Friday, December 31, 2010
Again!?
So going right into my blogging story then. It all started in July. When I was in BC on Rabbit Island. A lot of things commenced there...in theory. I had a lot of revelations there which in turn lead to a lot of changes and new things happening. Before I was on Rabbit Island I was feeling very discouraged about my work, very uninspired. However while I was on Rabbit Island one night at dinner (we ended up having supper very late there both nights I stayed) someone, me or my dad, I forget, let slip that I wanted to be an author. That made for an abrupt subject change, everyone was asking me questions and was GENUINELY interested! It was great! It was so powerful that suddenly I felt powerful! As if I could write anything and it was become a hit! It was these five strangers (six later that evening) who believed in me. That's what I felt, I didn't get any questioning to if my work was good, no scolding that an author was not a sensible career, disbelief. None of that which I had recieved back home from my family! There was one man there named Bruce who even swapped plot ideas with me! We talked about writing a mystery, something I was, and still am, scared to write because I don't believe I am smart enoughg to write a captivating, secretive, mystery plot, but at that moment I could have written one! That is what support does to you, I went from shy and embarassed about my dreams being revealed to suddenly telling everyone at the table about the stories I have written! It was truly a great memory.

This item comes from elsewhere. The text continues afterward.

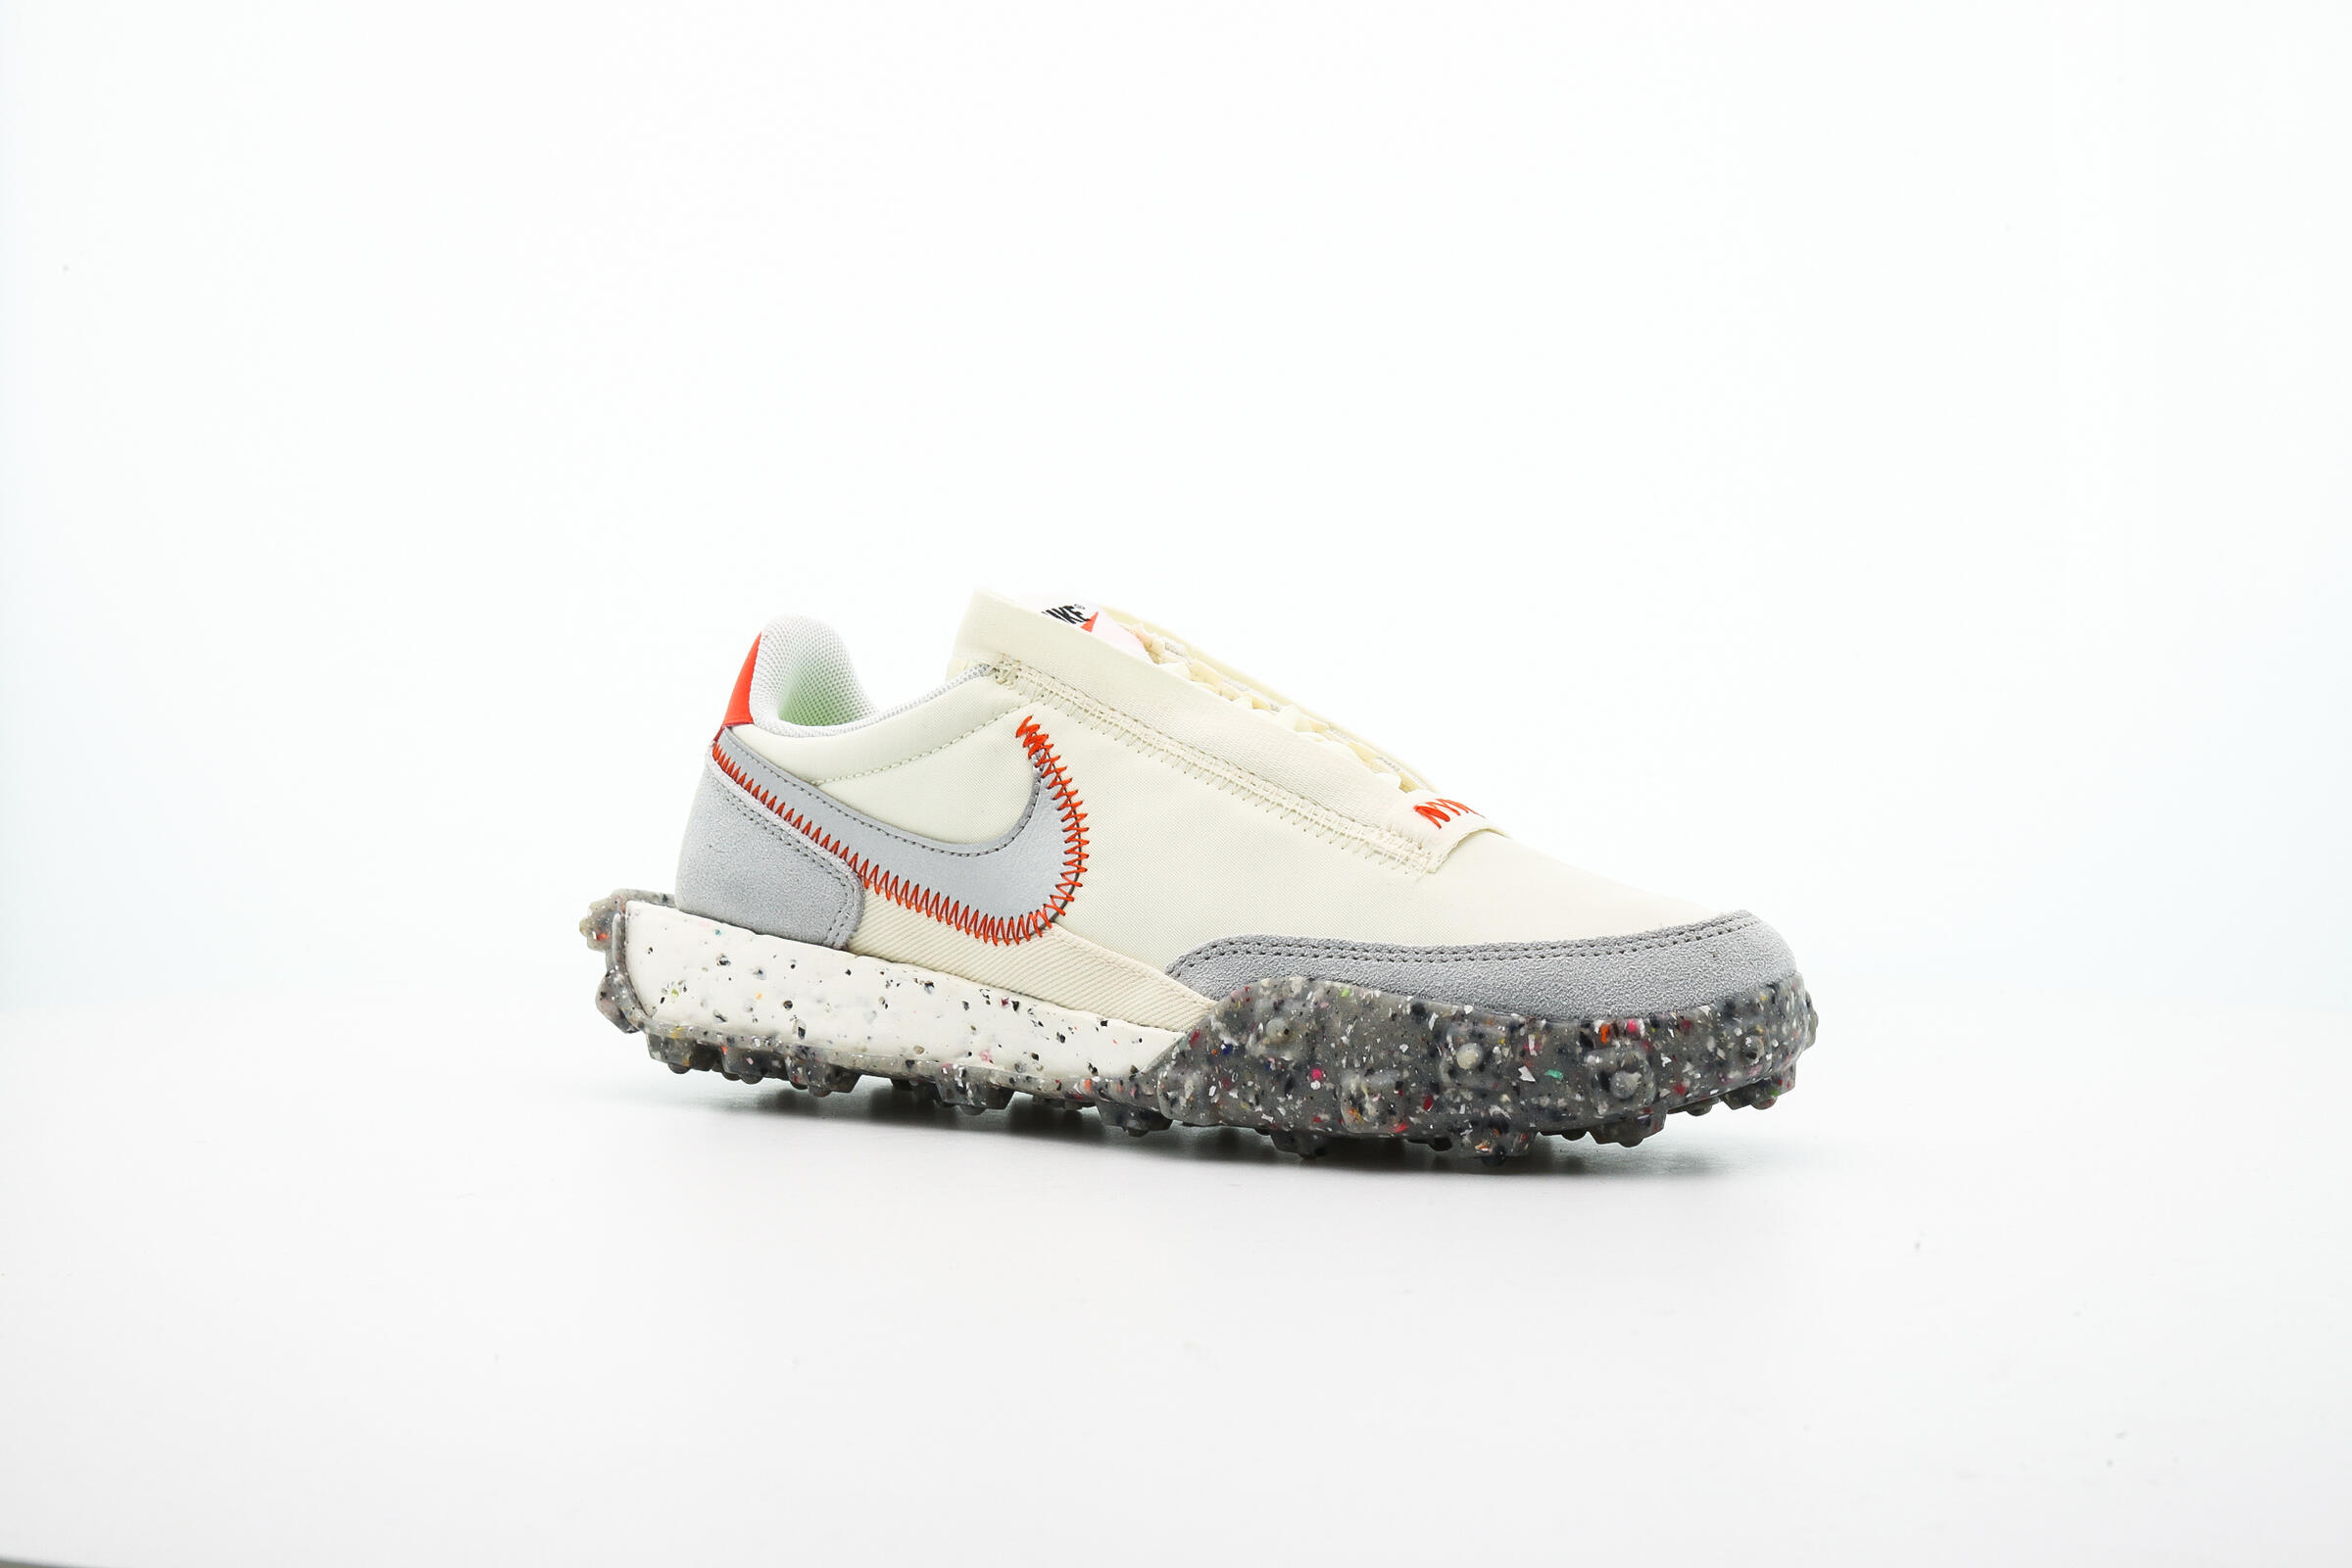 Nike WAFFLE RACER CRATER "COCONUT MILK"

However that does not explain why I started blogging, that came later that night while I was talking to an inspiring woman named Michelle (for privacy reasons I will not give her full name). She used to be a teacher but now spends her days living in Panama with a MONKEY. She was very inspiring, her and I sat down on the couch and talked for an hour, at least, about my writing! She gave me great advice about which genre I should persue and how I should go about it. She listed off authors I had never heard of and told me I needed to read their material! Before we parted that night we swapped email addresses but not before she gave me one more piece of advice on how to get myself out there. BLOGGING! So that is how I got on here but of course I am going to ram le on for another five minutes about other stuff.
It was those people on the island, Dave, Osa, Dave Two, Bruce, his brother and ESPECIALLY Michelle, who helped me get back into my writing spirit. I don't know if I still would be writing if it wasn't for their advice. I was at a point where I really had given up hope, after I had finally told everyone I wanted to be an author (which took almost a year) all anything anybody told me was negative! They told me I would never make it and should rethink things. I tried to stay positive, I did. Writing was what I wanted to do and I was still hoping that my family would see and accept that! But the last straw was when I saw my grandmothers face slip from a beaming smile to a grimace when I told her I wanted to write. That was it, I was hurt immensely and it wasn't until I was on the island that I regained all the courage my family had destroyed. So now I have the attitude that I am writing for myself and o my myself. I am goi g to do what makes me happy, not what makes my family happy. Sure I still have my doubts but for the most part, thanks to the wonderful people on Rabbit Island I am writing and confident again!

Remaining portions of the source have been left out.